Вспоминается Мимочке, как раз, прошлою весною, не дождавшись Дица в сквере, шла она домой, печальная, задумчивая. Был светлый вечер, фонари не горели, и проспект шумел беспокойным оживлением северной городской весны. Безотчетно, рассеянно смотрела Мимочка на мелькающие лица прохожих, – все чужие, все похожие друг на друга. Машинально вошла в дверь, расцвеченную зелеными, красными фонариками. И целый час машинально смотрела; как двигаются, мелькают, обнимаются на экране чьи-то темные, отчетливые тени, чужие, все похожие друг на друга.
Да, город точно синематограф. С утра до ночи мелькают, двигаются, исчезают, снова появляются силуэты близких, чужих, встречных, случайных. На миг любят, на мгновение встречаются, вмиг забывают. Так Диц, так и все.
Жизнь – словно не настоящая, а так, – только похожая на настоящую. Китайские тени, деревянные раскрашенные забавно фигурки, картонные марионетки, кукольная игра, смешная и страшная.
Мимочка не любит города, боится толпы, не выносит сутолоки. На улице ей всегда кажется, что ее опрокинет трамвай, переедет извозчик, обвалится карниз, рухнет мост. И снова охватывает ее растерянность и беспокойство, как во время Катиных наставлений.

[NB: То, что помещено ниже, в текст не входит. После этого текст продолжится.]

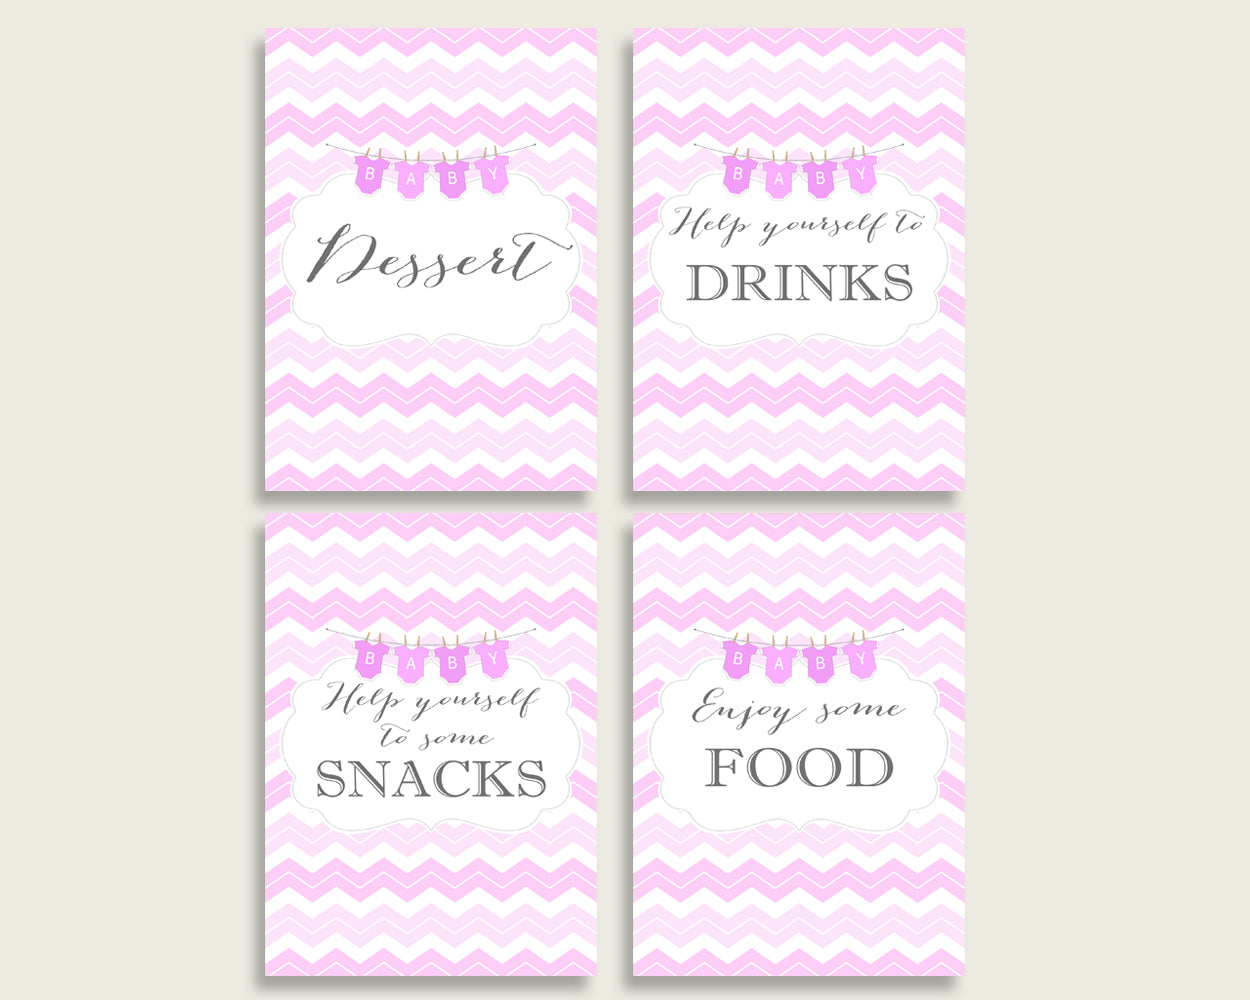 Chevron Baby Shower Girl Table Signs Printable, Pink White Party Table Decor, Favors, Food, Drink, Treat, Guest Book, Instant cp001

Улица, магазины, даже степенный, деловитый трамвай, – все сегодня словно сговорились, твердят Мимочке одно и то же, – смеются, дразнят.
«Надо торопиться… Карьера артистки», – шепчет лебяжье боа в витрине французской красильни.
«Напрасно ты отказалась!» – твердит, качаясь, бархатная эгретка в окне шляпного магазина.
«Мы ждем тебя, маленькая Офелия», – лепечут нарциссы, опрокинутые в темной зелени хрустального бокала.
«Как чудесно кружится голова! – напоминает заплесневелая бутылка, выглядывающая из груды золотистых ананасов. – Помнишь, как весело было там, в огромном зале, где стоял аквариум, величиною со всю твою комнату? Вернись к нам, к веселью и жизни».
На вокзале – толпа, давка. Мимочка сразу растерялась; она подавлена этим гулом торопливых восклицаний, прощаний, приветствий. Кто-то молодой, веселый, торопится, едет домой. Второй звонок. Носильщики, нагруженные огромными корзинами и кулями, спешат на платформу; и уж им не попадайся, – оголтелые от спешки, не замечают никого.
У Мимочки кто-то чуть не вырвал из рук сумочку. Полная дама в ротонде раскричалась, – зачем Мимочка чересчур долго возится у ящика. Мимочка смешалась, – она не умеет так отвечать, как смелая Катя. Тоскливо на душе, и кажется, что дама в ротонде, и все эти неприветливые люди в надвинутых на глаза шапках, в шубах с поднятыми меховыми воротниками насмехаются над нею, над ее неумелостью, над ее беспомощностью. Злые, злые!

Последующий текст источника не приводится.